CILEGON, MINUTS ONLINE – Dugaan penipuan berkedok pengadaan proyek kembali mencuat di Kota Cilegon. Seorang warga Temu Putih bernama Munawar mengaku mengalami kerugian sekitar Rp20 juta setelah dijanjikan sebuah proyek pengadaan oleh seseorang bernama Habibullah, yang disebut bekerja di Kelurahan Purwakarta. Namun setelah dana diserahkan, proyek yang dijanjikan hingga kini diduga tidak pernah ada alias fiktif.
Kasus ini menambah daftar persoalan yang mencederai kepercayaan masyarakat terhadap aparatur pelayanan publik. Dana puluhan juta rupiah telah digelontorkan korban dengan harapan memperoleh pekerjaan pengadaan, namun yang didapat justru ketidakjelasan, janji kosong, dan dugaan penipuan terang-terangan.
Kuasa pendamping korban, Moch Mulyadi, S.H., menyatakan pihaknya malam ini secara resmi akan melaporkan perkara tersebut ke aparat penegak hukum. Ia menegaskan bahwa kasus ini tidak bisa dibiarkan menguap begitu saja, apalagi jika benar membawa nama pegawai kelurahan untuk meyakinkan korban.
“Kalau seseorang menjanjikan proyek, meminta uang, lalu proyeknya tidak pernah ada, maka patut diduga itu penipuan. Kami akan dampingi korban membuat laporan resmi dan mendorong perkara ini sampai tuntas,” tegas Moch Mulyadi.
Munawar selaku korban berharap kasus ini benar-benar diproses hingga tingkat pengadilan. Ia juga menuntut pengembalian kerugian materiil maupun immateriil atas kerugian yang dialaminya. Menurutnya, uang Rp20 juta bukan angka kecil bagi masyarakat kecil yang bekerja keras mencari nafkah.
“Saya berharap kalau sudah dilaporkan, proses hukum berjalan sampai pengadilan.
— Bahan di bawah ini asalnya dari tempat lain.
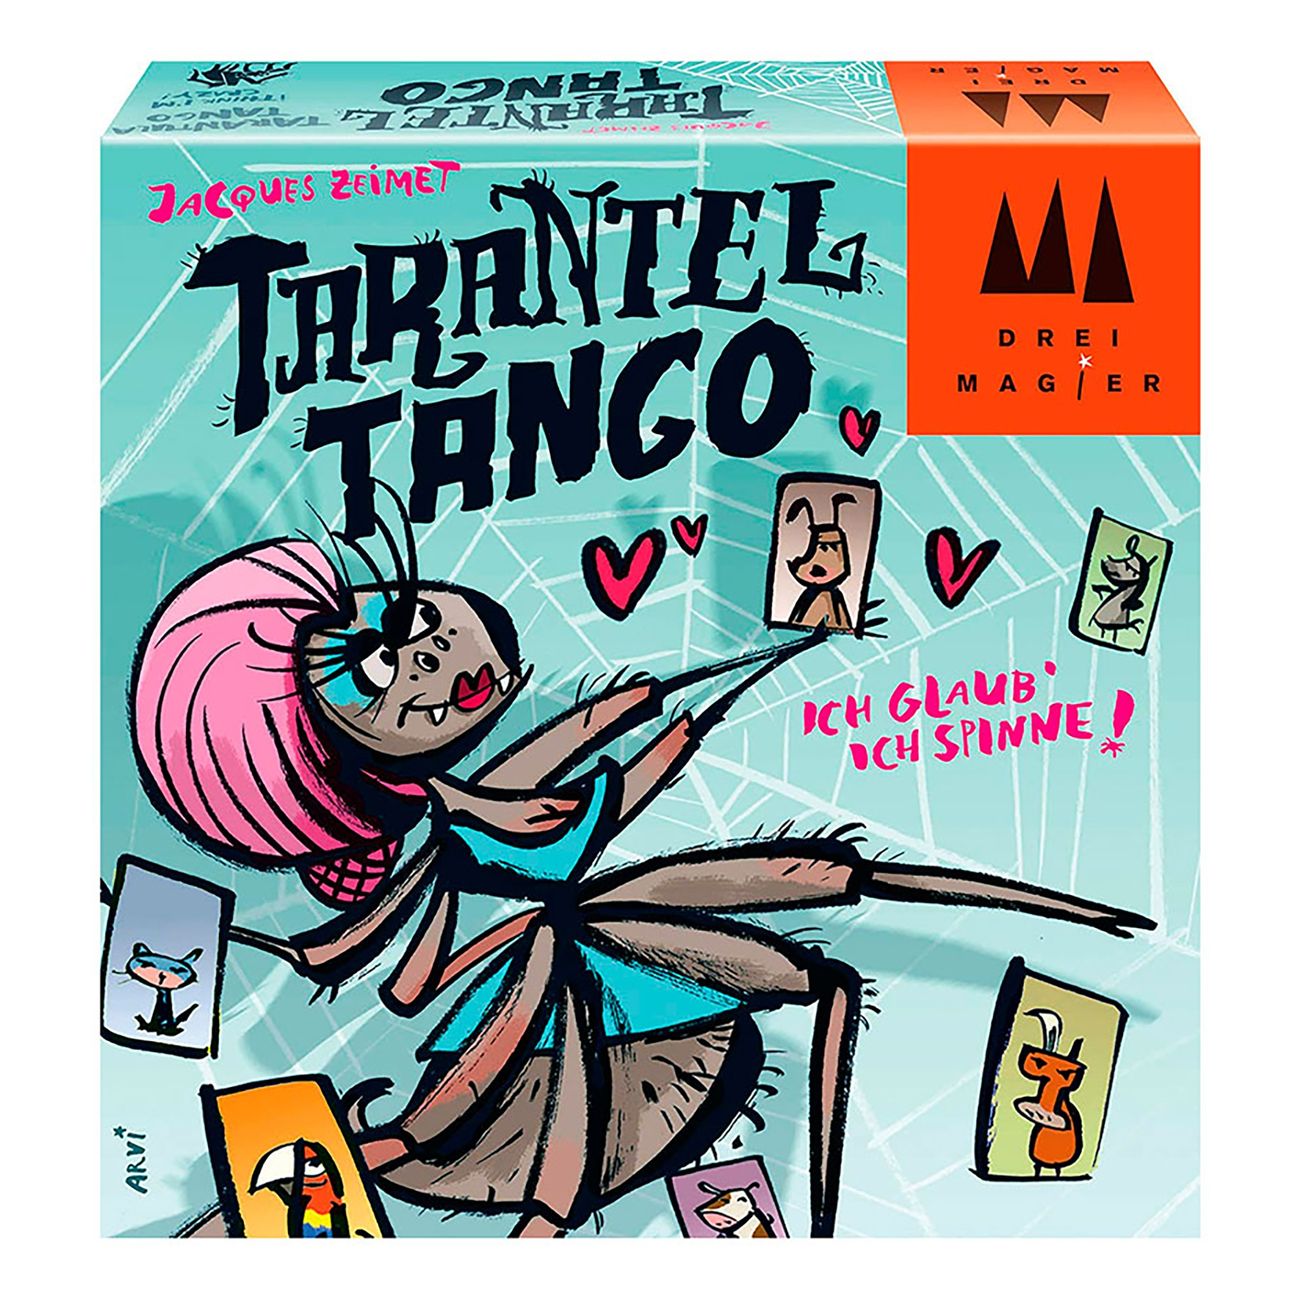 tarantel-tango-en-87989-1

Saya minta keadilan dan ganti rugi atas kerugian yang saya alami,” ujar Munawar.
Korban juga berharap Plt Lurah Purwakarta, Iwa Sugriwa, turun tangan memediasi persoalan ini dan memberikan penjelasan kepada masyarakat terkait dugaan ulah bawahannya. Sebab jika benar pelaku menggunakan identitas atau jabatan di kelurahan untuk meyakinkan korban, maka hal itu menjadi tamparan keras bagi wibawa pemerintahan kelurahan.
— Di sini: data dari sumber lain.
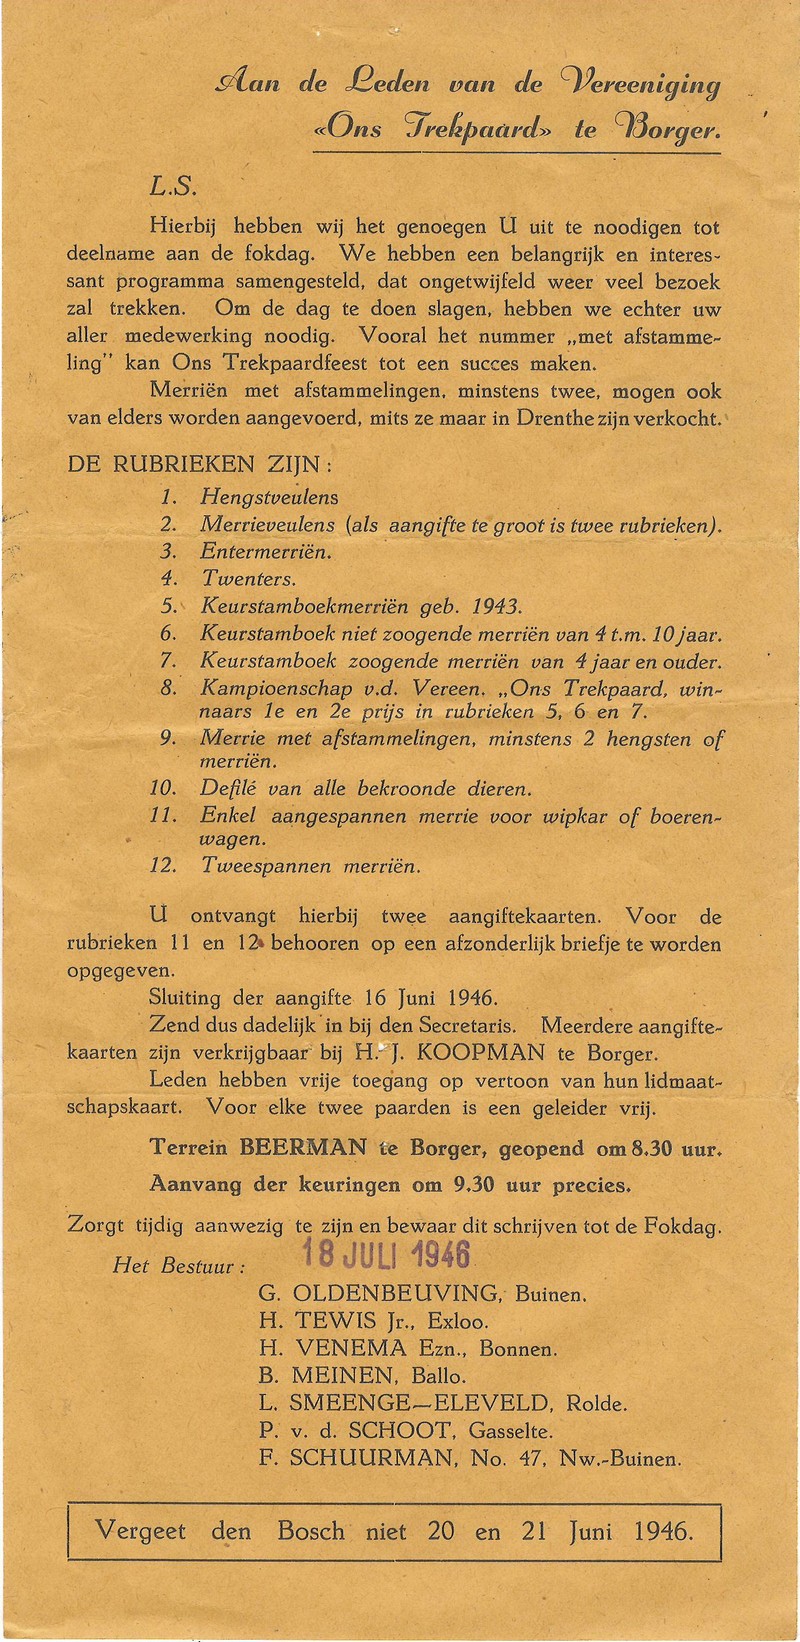 19460718 Uitnodiging Fokdag Trekpaarden Borger

Publik kini menyoroti keras Kelurahan Purwakarta. Jangan sampai kantor pelayanan masyarakat justru tercoreng karena ulah oknum yang diduga menjual nama jabatan demi keuntungan pribadi. Jika pimpinan wilayah diam dan tidak bertindak, maka masyarakat berhak mempertanyakan apakah pengawasan internal memang lemah atau sengaja dibiarkan.
Sorotan juga tertuju kepada Kepolisian Cilegon. Masyarakat menunggu keberanian aparat untuk bertindak cepat dan profesional. Jangan sampai laporan seperti ini hanya berakhir di meja penerimaan pengaduan tanpa tindak lanjut jelas. Jika kasus dengan nilai kerugian nyata dan dugaan modus terang saja lamban ditangani, lalu bagaimana masyarakat bisa percaya hukum hadir melindungi rakyat kecil?
Kasus ini menjadi ujian serius bagi integritas pemerintah kelurahan dan penegak hukum di Kota Cilegon. Warga menanti, apakah keadilan benar-benar ditegakkan, atau kembali kalah oleh kekuasaan, kedekatan, dan pembiaran.